April 25, 2022
The Reviews Are In – Is Beanie Feldstein Up to 'Funny Girl's' Demands?
READ TIME: 9 MIN.
It has taken nearly 60 years for "Funny Girl" to return to Broadway. The musical that thrust a 21-year-old Barbra Streisand to stardom and ran some 1,348 performances in the mid 1960s is one of the few long-running classics not to have been revived...until now. On Sunday night, its long-awaited revival took place at the August Wilson Theatre with Beanie Feldstein ("Booksmart," "American Crime Story: Impeachment") starring as Fanny Brice in the musical depiction of her rise to fame and difficult personal life. The opening coincided with Streisand's 80th birthday.
Streisand went on to win an Academy Award for Best Actress for her performance in the 1968 film version; but the vehicle itself has largely been ignored. There was a planned revival in 2012 with Lauren Ambrose ("Six Feet Under," "My Fair Lady" on Broadway) as Brice, but it fell through. The famous score, which includes "People" and "Don't Rain on My Parade," has music by Jule Style and lyrics by Bob Merrill. The original production was supervised by Jerome Robbins, who came in during its troubled tryout run and took over direction from the credited Garson Kanin. The book – long thought the source of the show's problems – was by Isobel Lennart. For the revival, Harvey Fierstein did a rewrite and included songs cut from the original, including the title song that appears in the film.
The current revival is directed by Michael Mayer, with company choreography by Ellenore Scott and tap choreography by Ayodele Casel. The cast features Ramin Karimloo as Nick Arnstein, Jane Lynch as Fanny's mother, and Jared Grimes as Eddie, Fanny's bff.
The reviews are in. Is Feldstein worthy? Here is a sample:
At the Daily Beast, Tim Teeman writes in his downbeat review: "Without a tangible relationship between Feldstein's Fanny and Karimloo's Nick, the show listlessly orbits the general idea of them not being such a great pairing for over two and a half hours... Feldstein seems too much of a junior partner to Karimloo–a sassy ingenue rather than wry diva. Streisand is obviously an intimidating shadow to operate under, and comparisons are unfair but inevitable given the iconic nature of the role and its foundational star. Feldstein's singing matches her incarnation of Brice, in being questioning, tentative, and wide-eyed. She nails the big songs but more restrainedly than many might expect. The numbers need more. She does not have the voice for this."

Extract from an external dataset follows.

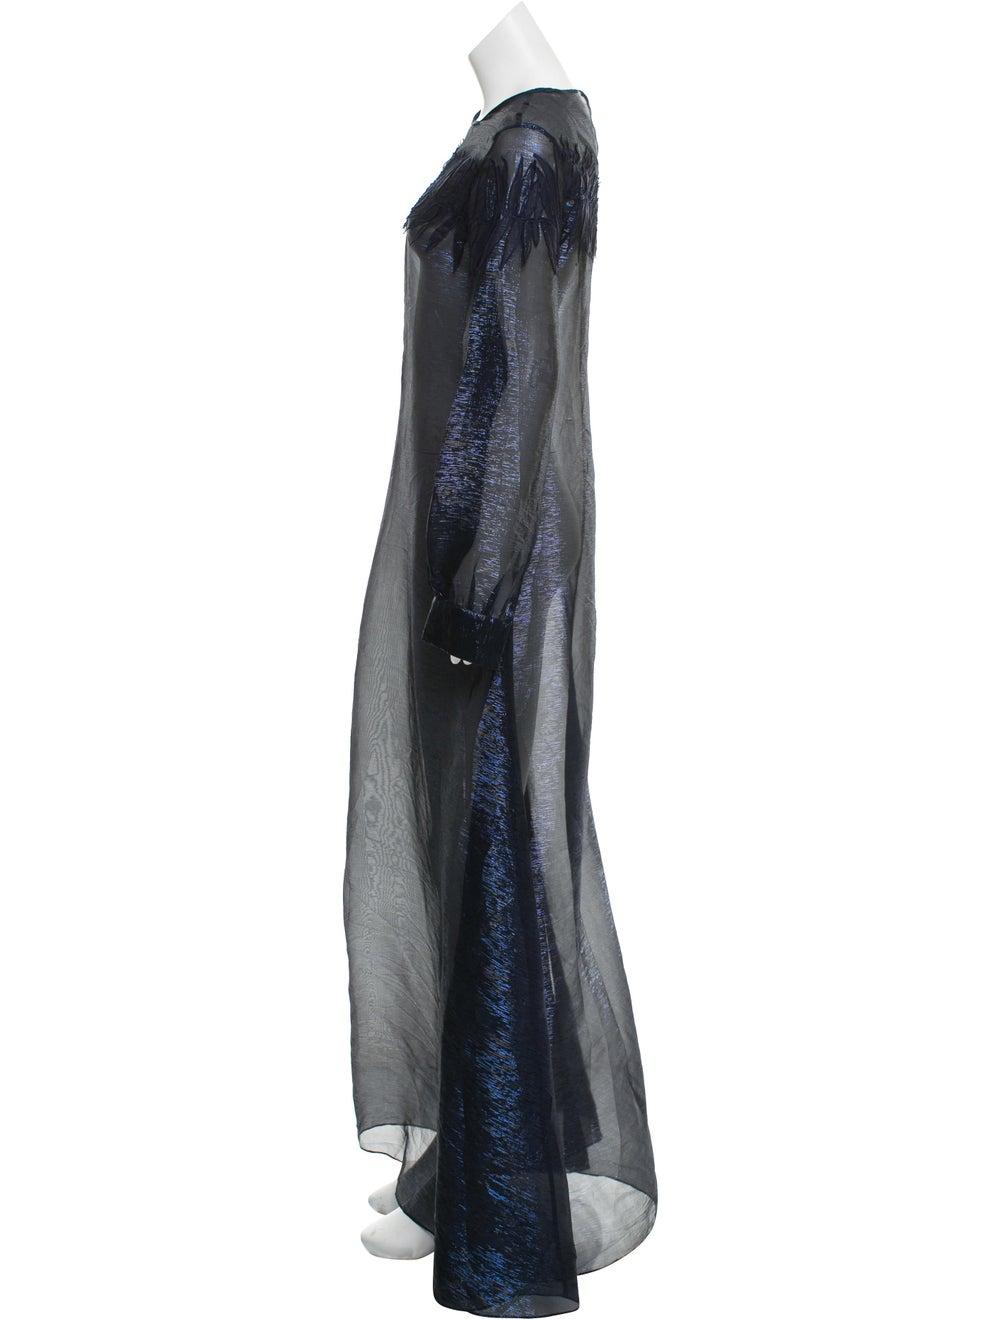 Oscar de la Renta Metallic Maxi Dress Navy - image 2

The Hollywood Reporter's David Rooney had mixed feelings about Feldstein. "Feldstein has emerged as an irresistible screen presence in films like Booksmart and Lady Bird, and she was a delight in the supporting role of Minnie Fay in 2017's blockbuster Broadway revival of Hello, Dolly! with Bette Midler. But she has a lovely, light singing voice in a part that often calls for big-belt power, and she reads girlish, never quite selling the consuming hunger that propels Fanny to stardom in the early-1920s Ziegfeld Follies. Feldstein leans hard on the comedy with enormous charm, but she struggles to locate the raw vulnerability of Fanny in later years, as her marriage to inveterate gambler Nick Arnstein (Ramin Karimloo) falls apart."

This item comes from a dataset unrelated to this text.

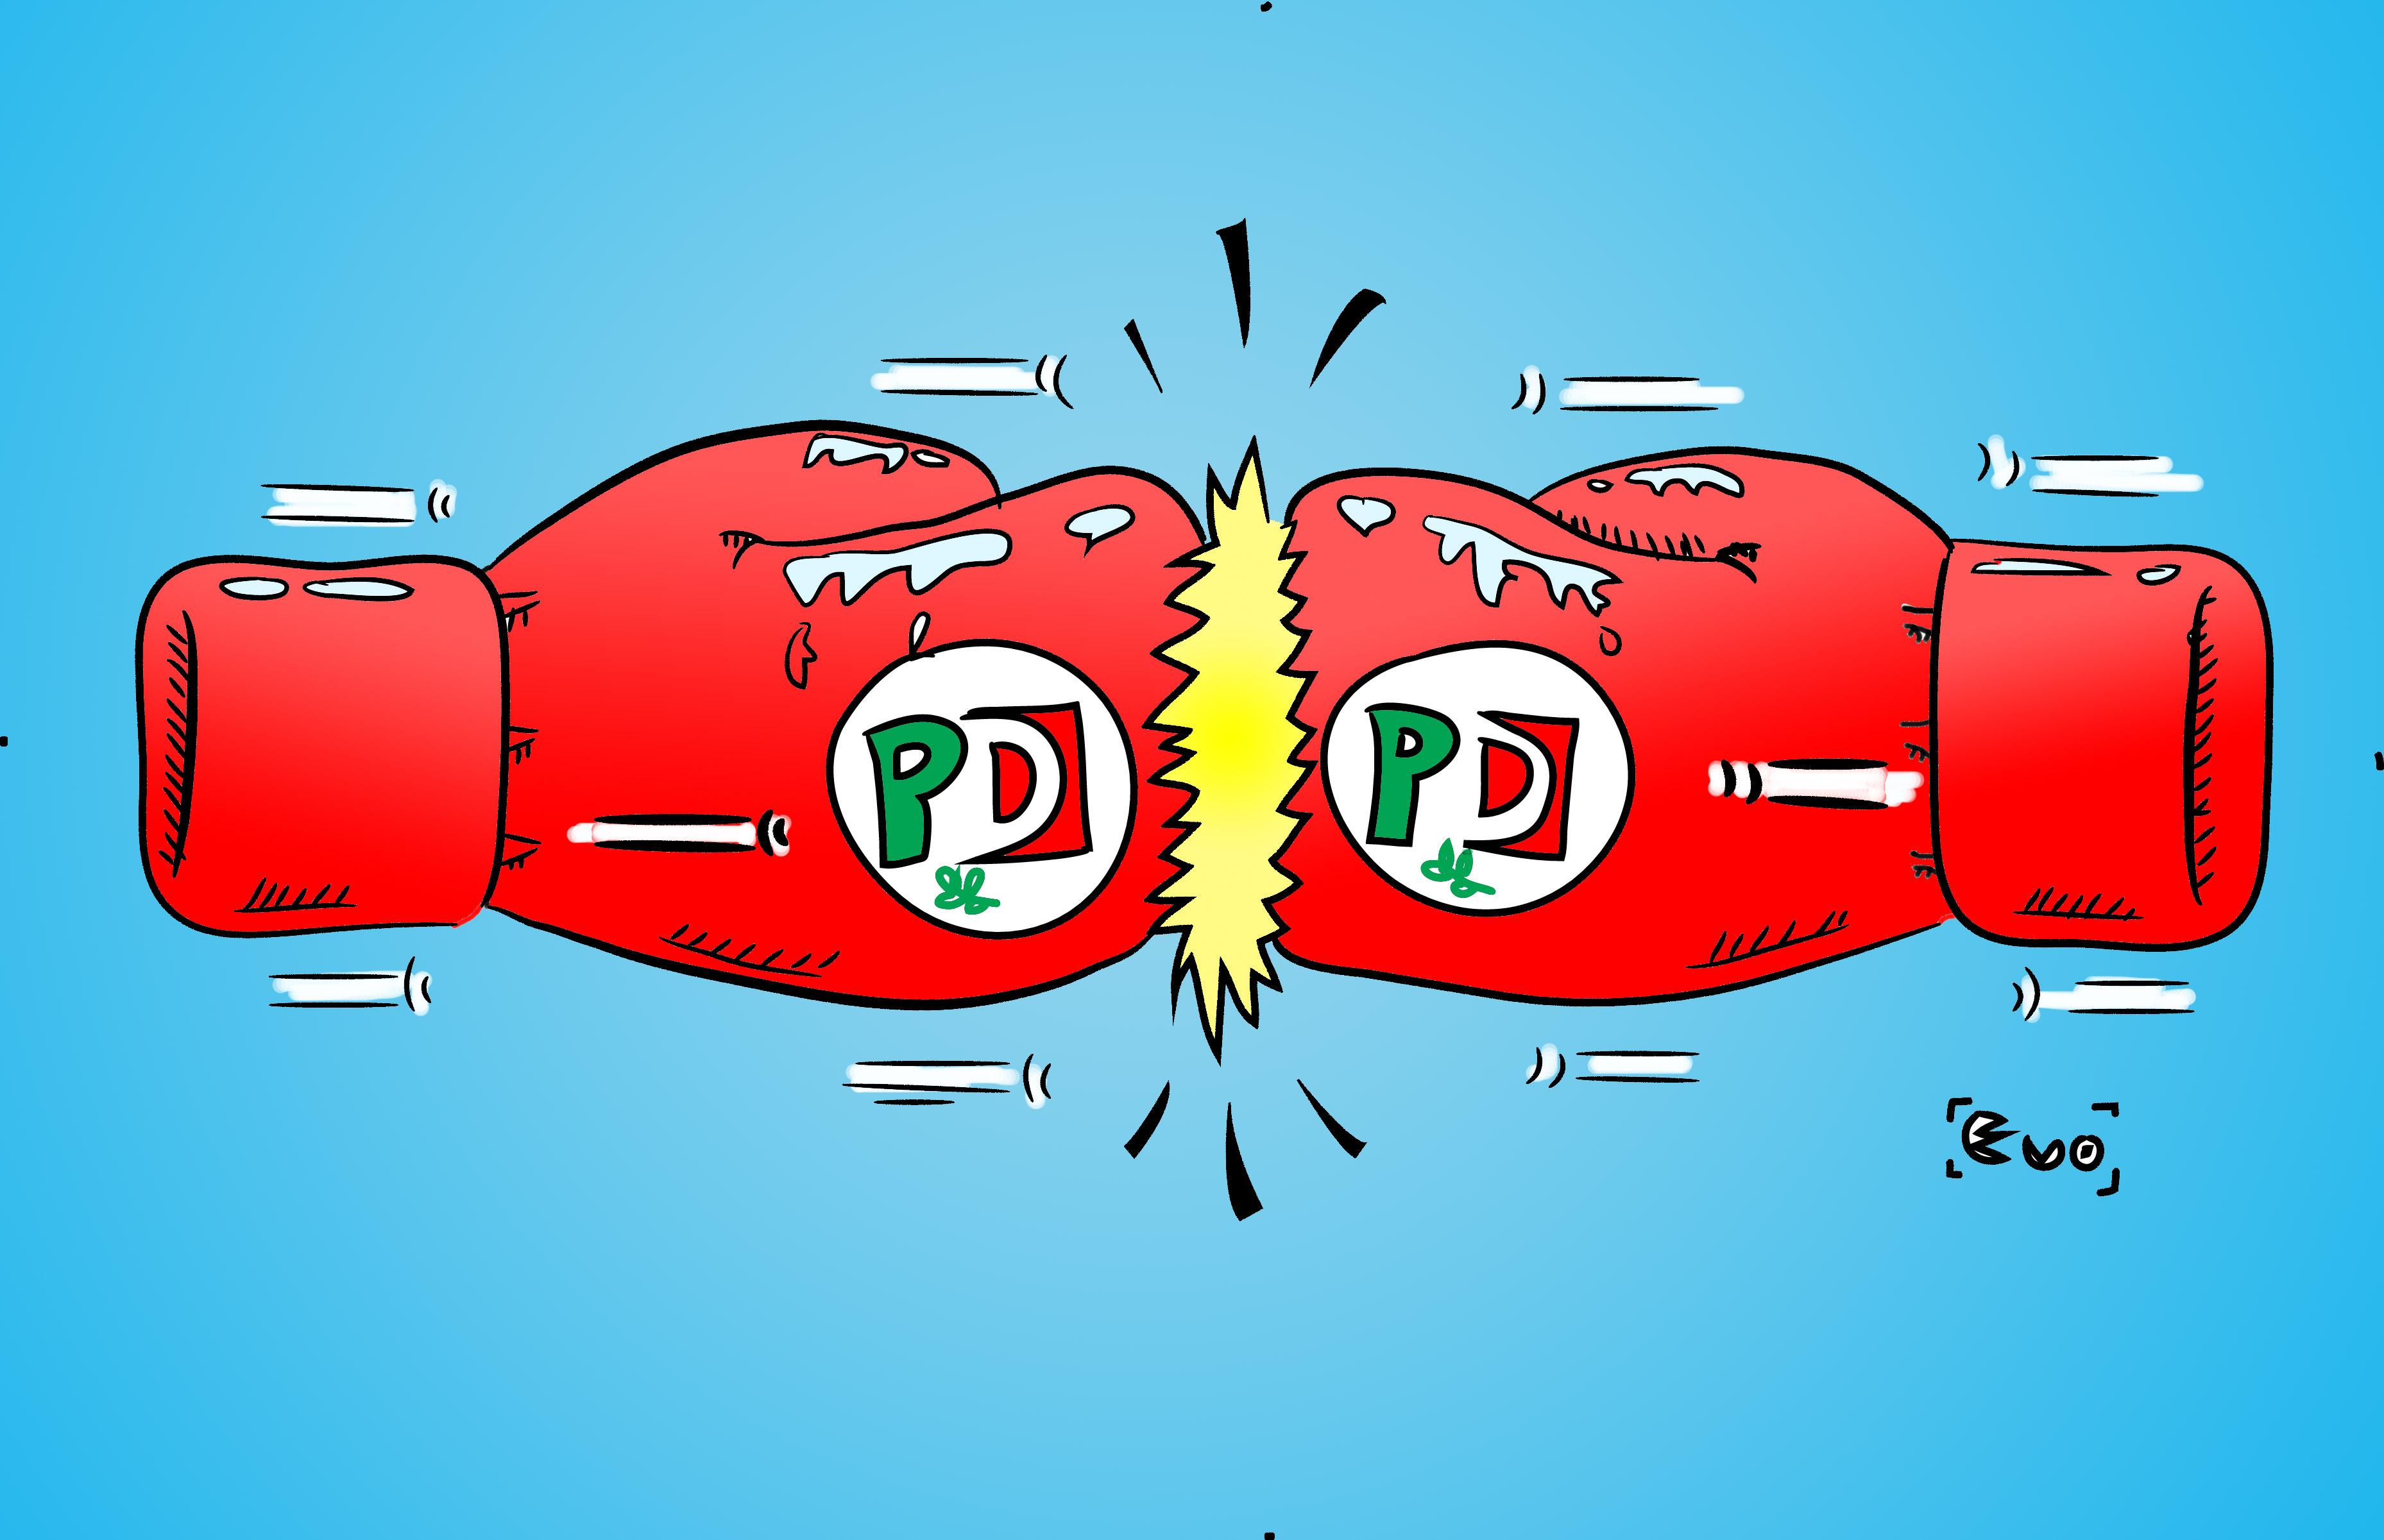 Pd versus Pd

Watch Beanie Feldstein on "CBS Sunday Morning"
In a harsh review at the New York Post, Johnny Oleksinski leads with: "The audience members at "Funny Girl" are not the luckiest people in the world." Adding that what they "are finally laying their eyes on isn't particularly funny, or well sung, or well designed or well directed. This sorely lacking new production rains on the old musical's parade."
As for Feldstein: "She is supposed to steal our hearts and sprain our funny bones. No dice... Feldstein, however, barely muddles through the beloved songs. The best performed numbers ("Sadie, Sadie") are merely capable; the worst ("People") are awkward letdowns. In the spoken scenes, the jokes are pushed harder than a broken-down Hummer on a highway and few of them earn more than polite giggles. Feldstein is, I'm sorry to say, not giving a Broadway-caliber performance."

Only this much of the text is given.